Victoria Caraveo, leader of Mujeres Por Juárez, was even more direct: "We have more security units but less security. And more corruption inside these same agencies."
City councilors from all three major parties all attacked Precos in an April 6 meeting. Paolo Gómez said that "the militarization of the state has done nothing to stop crime and drug trafficking." Priista councilor José Seade said the Precos agents "molest the public" and that "they must be moved or asked to leave." City business leaders also present at the meeting demanded that all checkpoint units be replaced.
The general secretary of the state government, Victor Emilio Anchondo, affirmed April 6 that the checkpoint police were "part of the public security program."
Security Summit Re-Evaluated, Criticized
The attacks on Precos came on the eve of the reunion to evaluate the effectiveness of the month-old Security Summit Anti-Crime Plan. However, even the co-authors of the plan did not show public support for it.
"It is going to be a brief reunion because there is nothing to evaluate," Martínez stated.
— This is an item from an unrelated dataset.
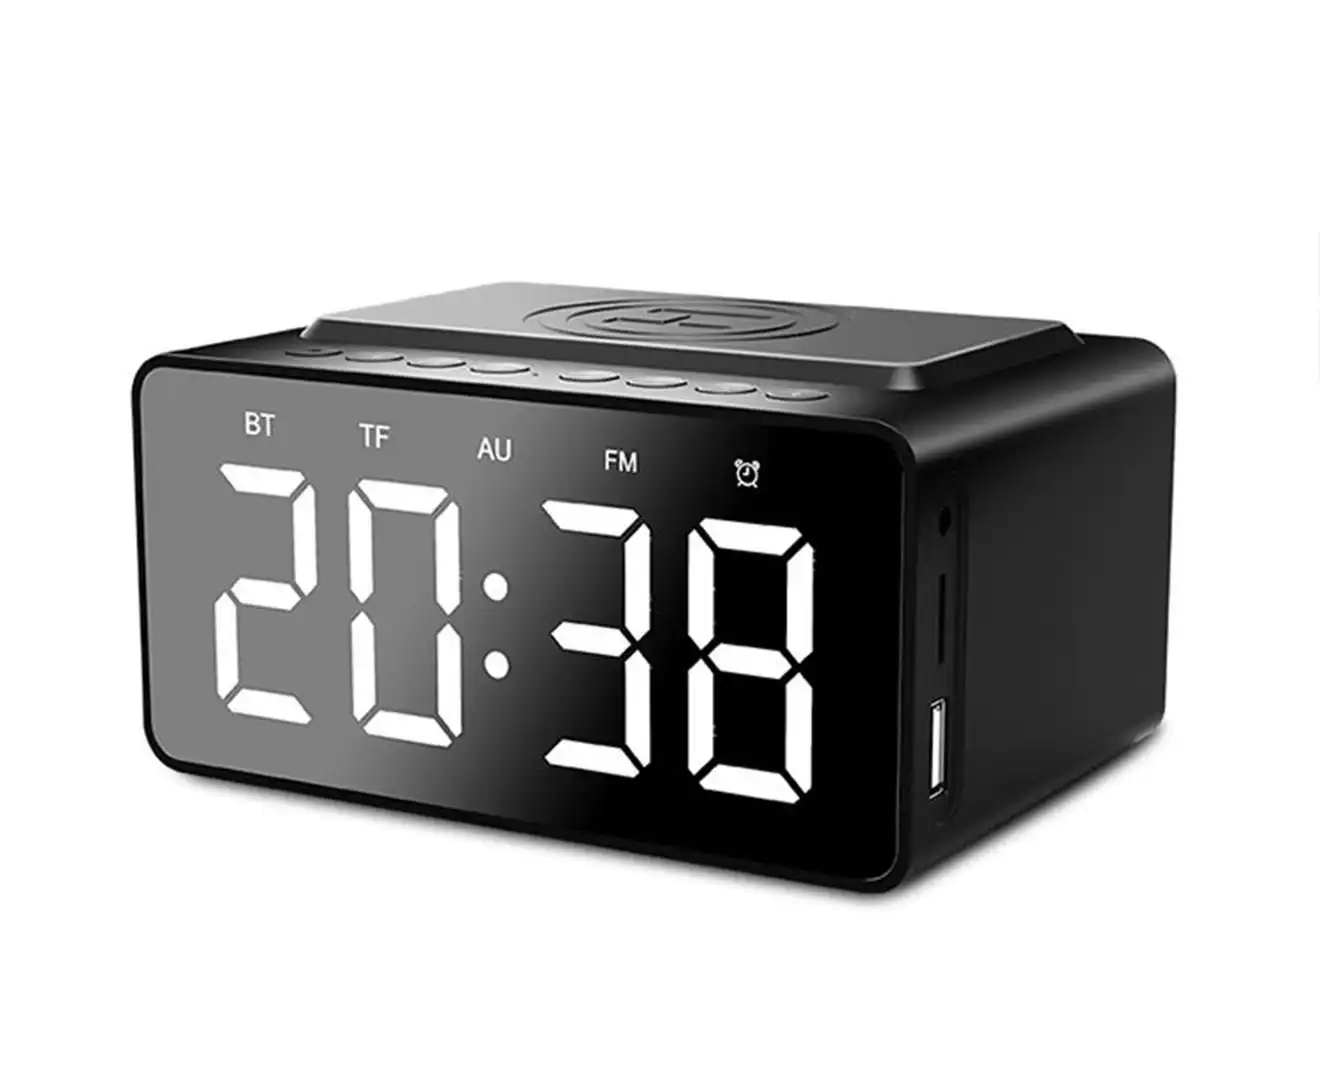 Three-in-One LED Alarm Clock Bluetooth Speaker with Wireless Charging

Juárez Mayor Gustavo Elizondo of the National Action Party (PAN) agreed that the plan--which calls for a combined municipal, state, and federal police effort--was not yet functioning according to the agreement.
"There is no coordination between authorities," he admitted. However, the mayor also said March 31 that "we believe we are on the right path." When asked about the necessity of Army patrols in the city, Elizondo replied that such work was "routine" for the military.
After the summit reunion, the mayor called for police officials to "intensify investigations" and asked the state for 60 to 80 million pesos ($6 to 8 million U.S.) to add to the existing 245 million pesos ($24.5 million U.S.) budgetted for the security plan. Part of the extra money would be spent to add 50 more municipal patrol units, he said.
Also, while in Washington, D.C. to defend the reputation of Ciudad Juárez, the mayor remarked that he believed his administration would facilitate a "30 percent reduction in violence" in the city.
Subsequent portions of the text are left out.